## Task description
The answer is the data below, repeated exactly, with no pictures included.

## Data below
----------------

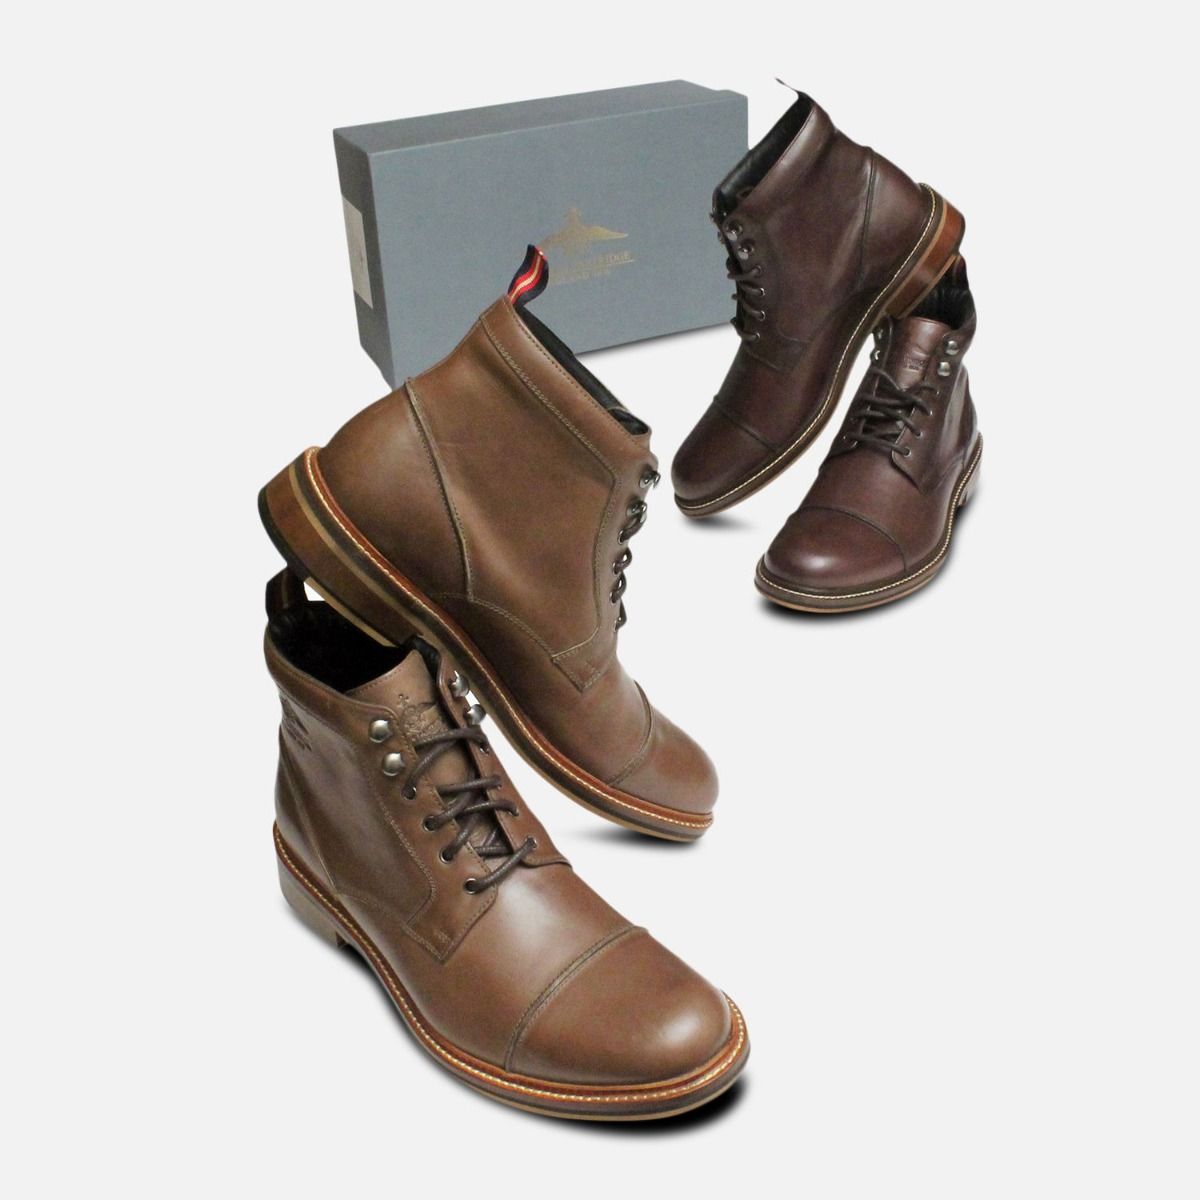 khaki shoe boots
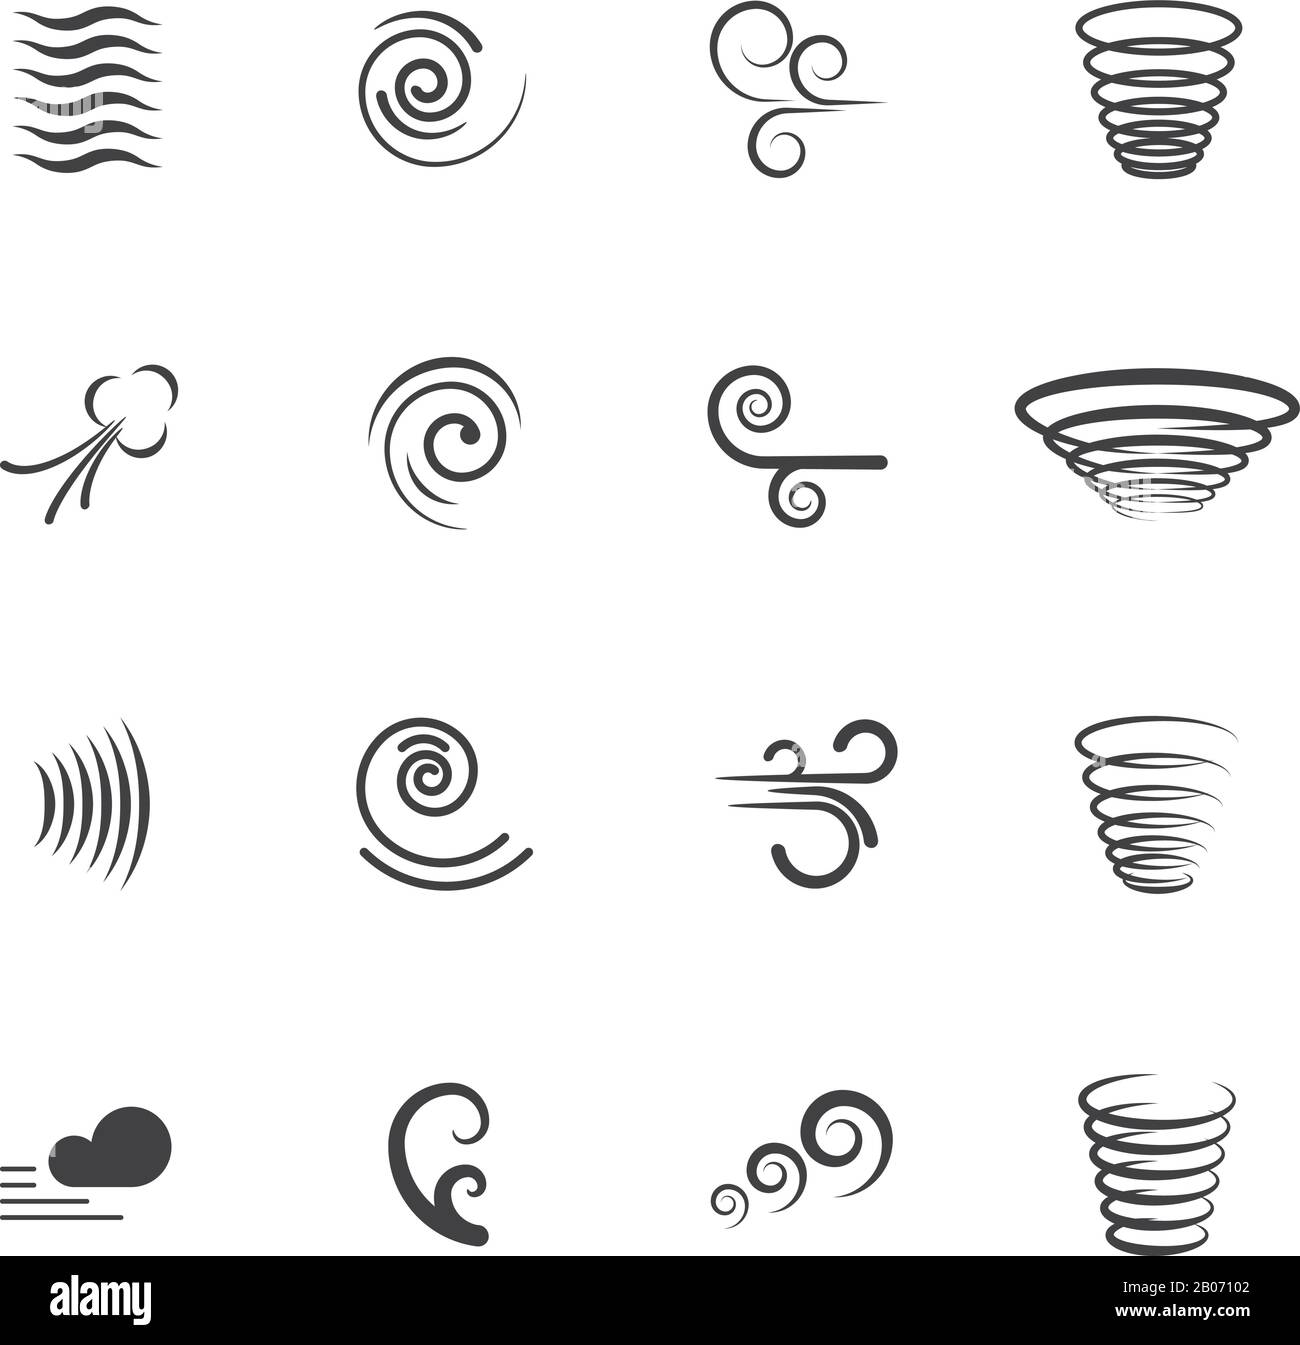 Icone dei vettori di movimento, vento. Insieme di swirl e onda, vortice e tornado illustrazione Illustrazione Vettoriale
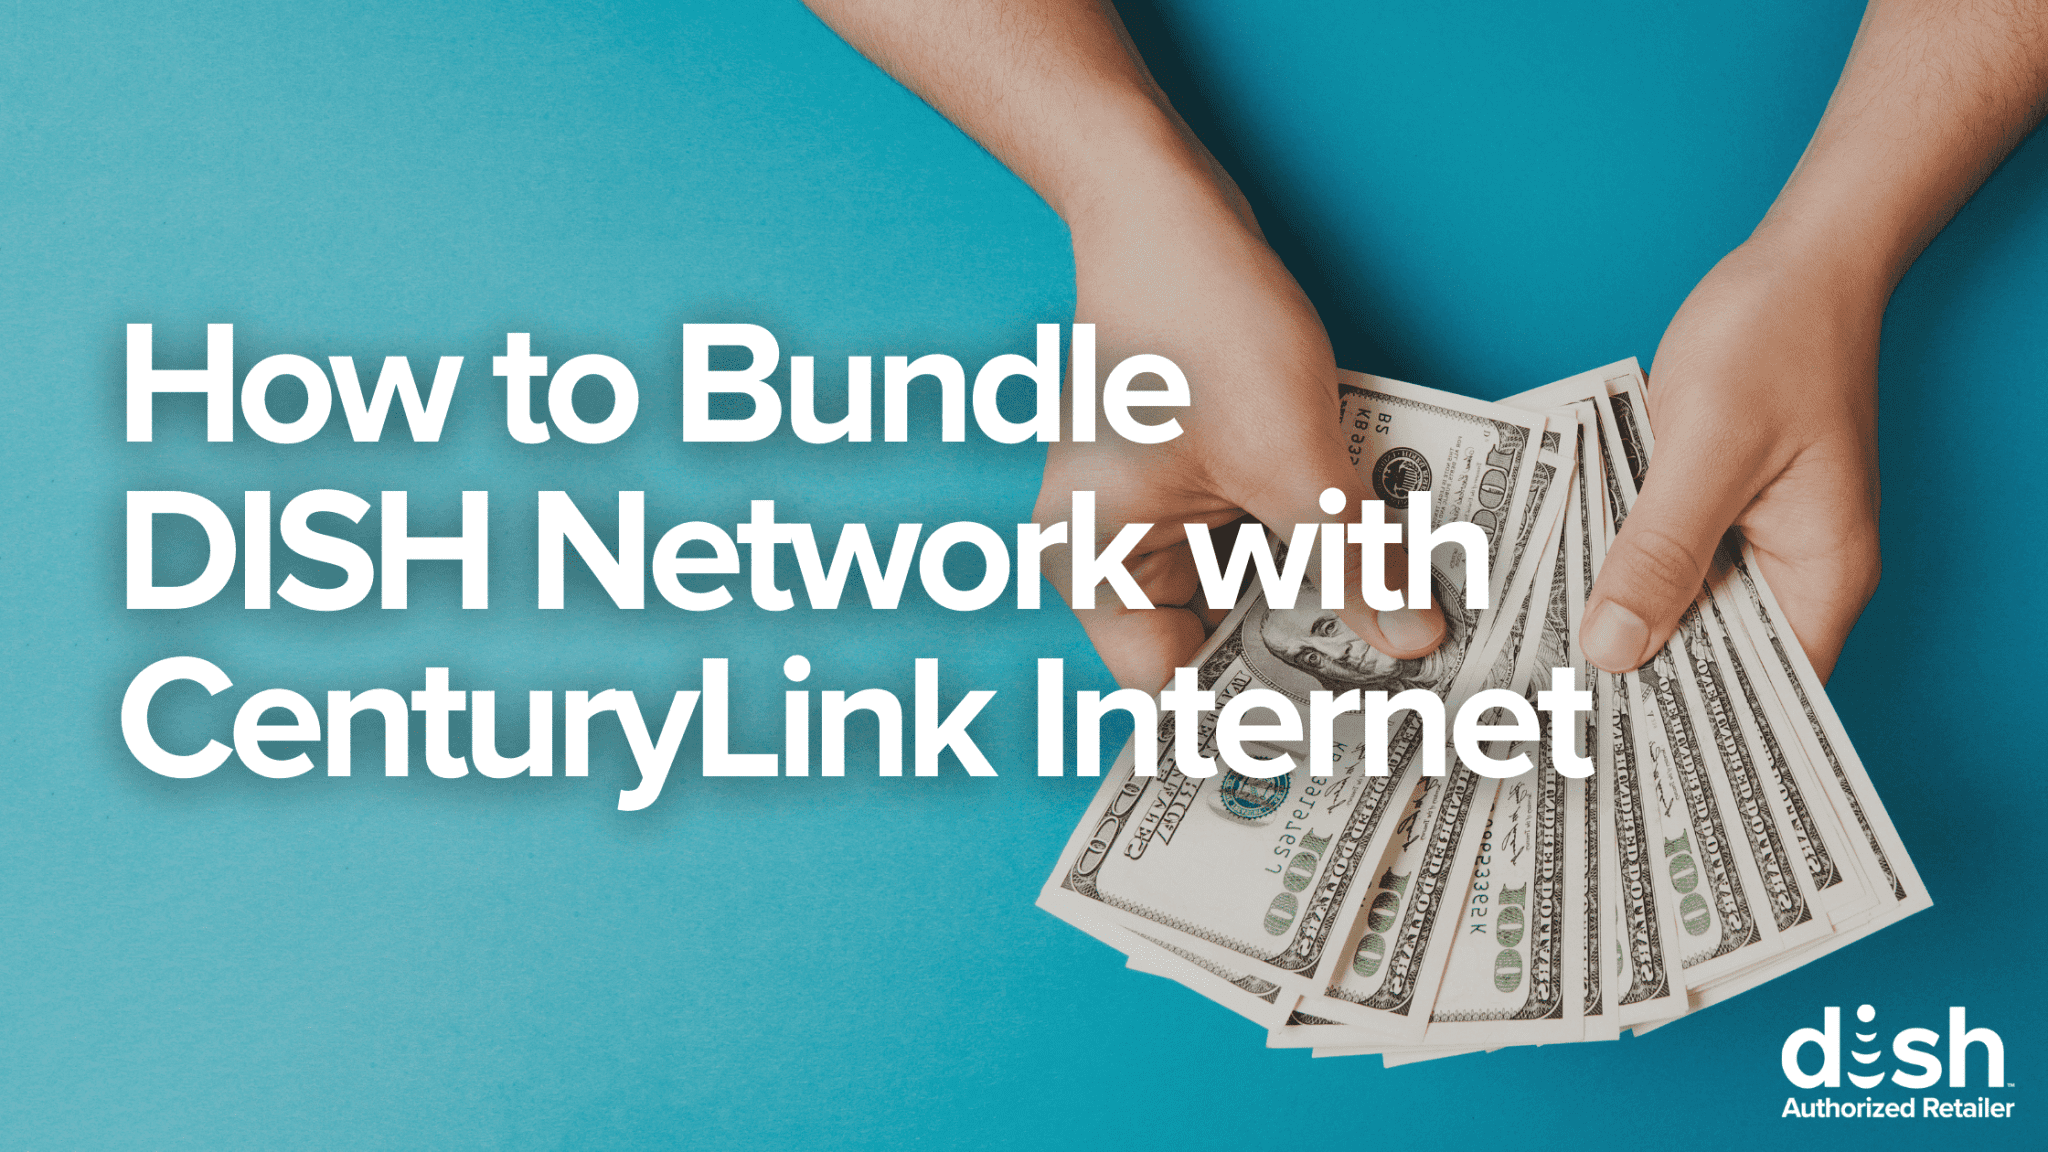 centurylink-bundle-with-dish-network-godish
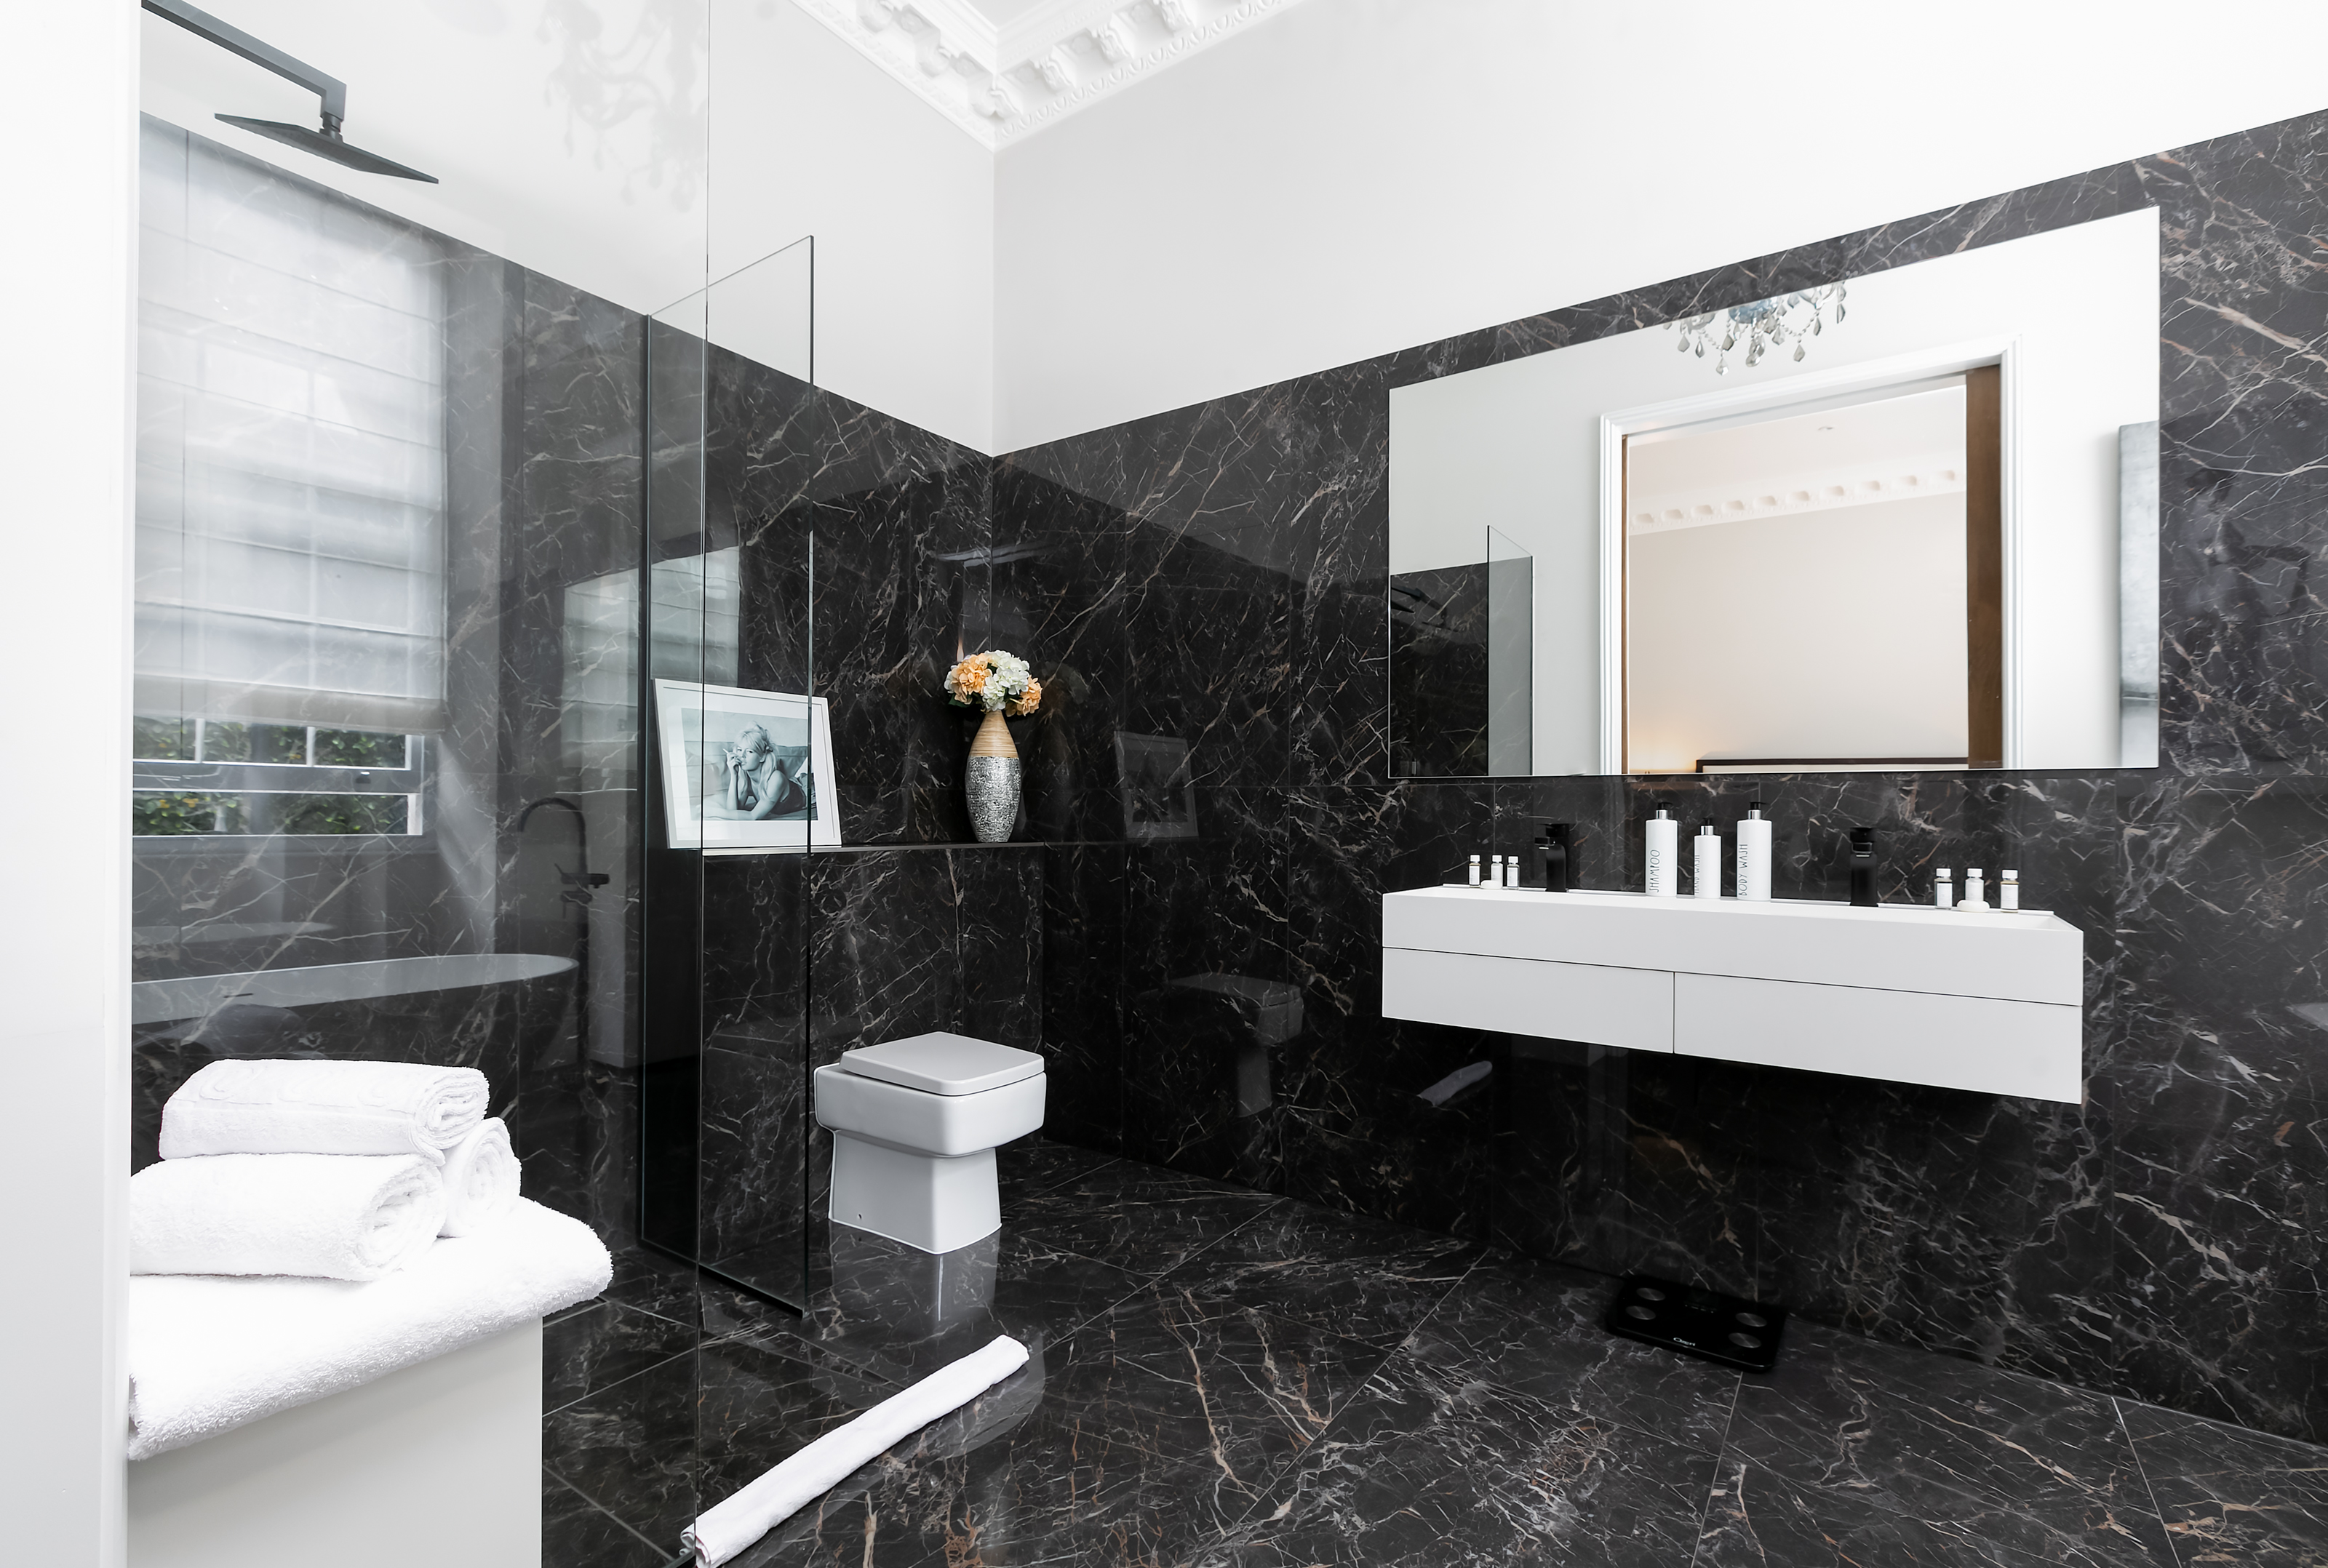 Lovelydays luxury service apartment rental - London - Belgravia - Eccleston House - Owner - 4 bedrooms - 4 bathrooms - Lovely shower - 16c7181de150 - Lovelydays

----------------

## Problem solution
 khaki shoe boots
 Icone dei vettori di movimento, vento. Insieme di swirl e onda, vortice e tornado illustrazione Illustrazione Vettoriale
 centurylink-bundle-with-dish-network-godish
 Lovelydays luxury service apartment rental - London - Belgravia - Eccleston House - Owner - 4 bedrooms - 4 bathrooms - Lovely shower - 16c7181de150 - Lovelydays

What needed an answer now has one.